テレビで見ているだけでなく、め以子の親として大阪に行きたいと思っていたら、それも実現。酉井捨蔵役の近藤正臣さんと一緒のシーンもあり嬉しかったですね。朝ドラって、こんなに幸せな気持ちになるんだと教えてもらえた作品でした。
初めての大河ドラマで、まさか大久保利通役をやれるとは思ってもいなかったので本当に嬉しかったし、今でも僕の中に強烈に残っています。とくに思い出に残っているのは、熊本で西郷(小澤征悦)と別れて薩摩に帰った大久保が母・フク(真野響子)に「おいは今日から鬼になりもす」と告げたところです。あそこは、後に維新の英傑として育っていく大久保の原点となるシーンだという思いがあり、演じていても本当に力が入ったことを覚えています。

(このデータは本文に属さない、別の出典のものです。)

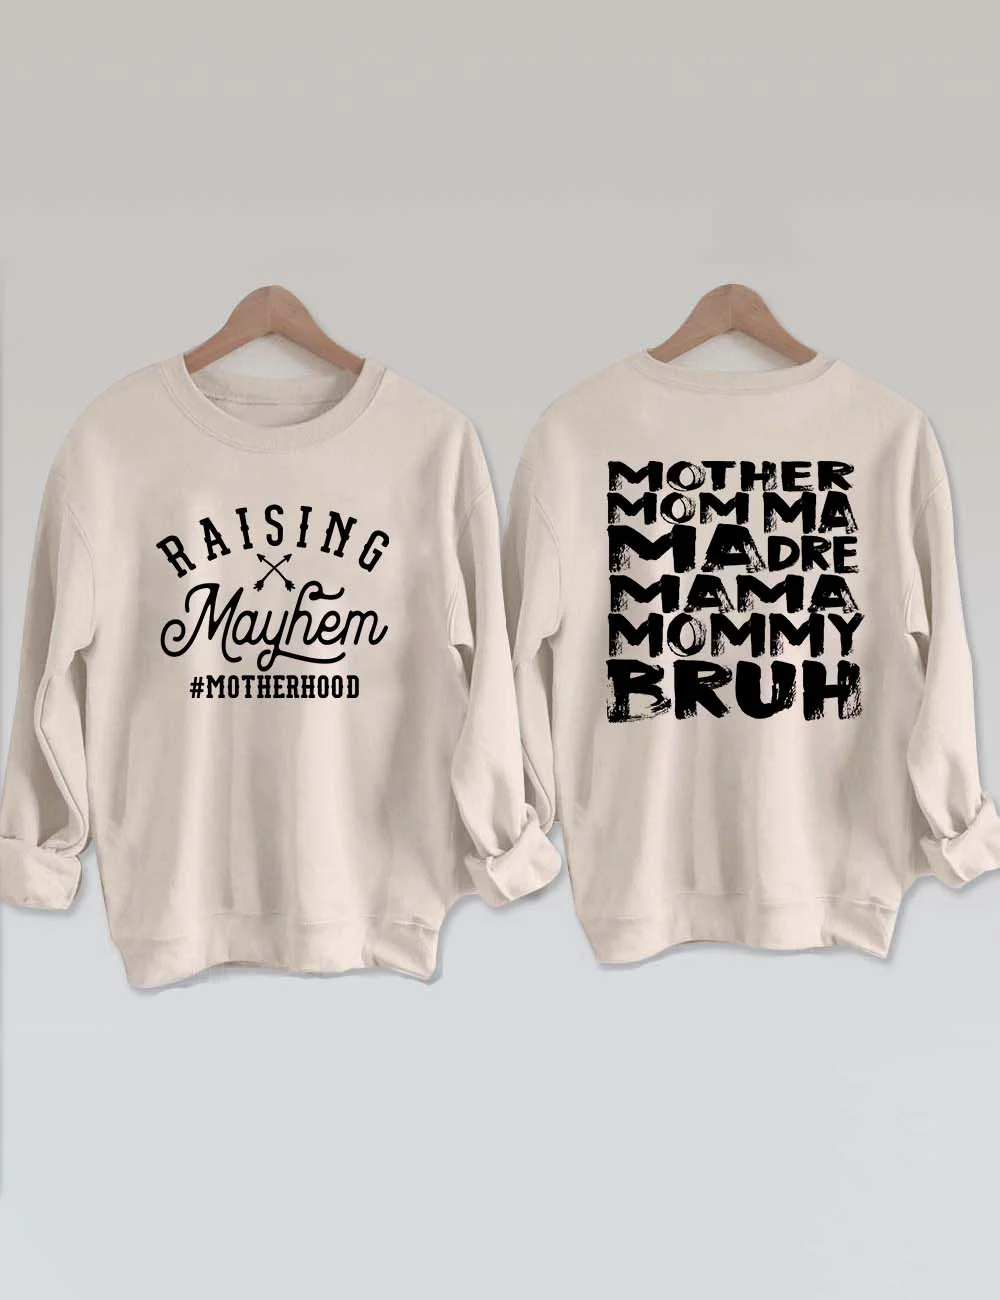 Raising Mayhem Motherhood Sweatshirt

もう一つは、やはり最終回ですね。紀尾井坂で不平士族に暗殺されて最期を遂げたのですが、「やり残したことばかりじゃ、そげなもんなのかいのう、吉之助さあ」と言って亡くなる。このセリフがいまだに抜けないんですよ。その後も、何回か鹿児島に出かけて大久保さんや西郷さんの生まれたところや墓地にも行っているのに、大久保さんが抜けない。他の人が大久保役を演じているとつい見てしまいます(笑)。同じように宮﨑あおいさんも僕の中ではずっと篤姫なんです。その後、映画で一緒になったことがあるのですが、「姫を守らなくては」という薩摩の武士の意識のままでしたね(笑)。
『篤姫』は僕にとってものすごく特別で大事な作品です。またどこかで全編見直してみたいなと思っています。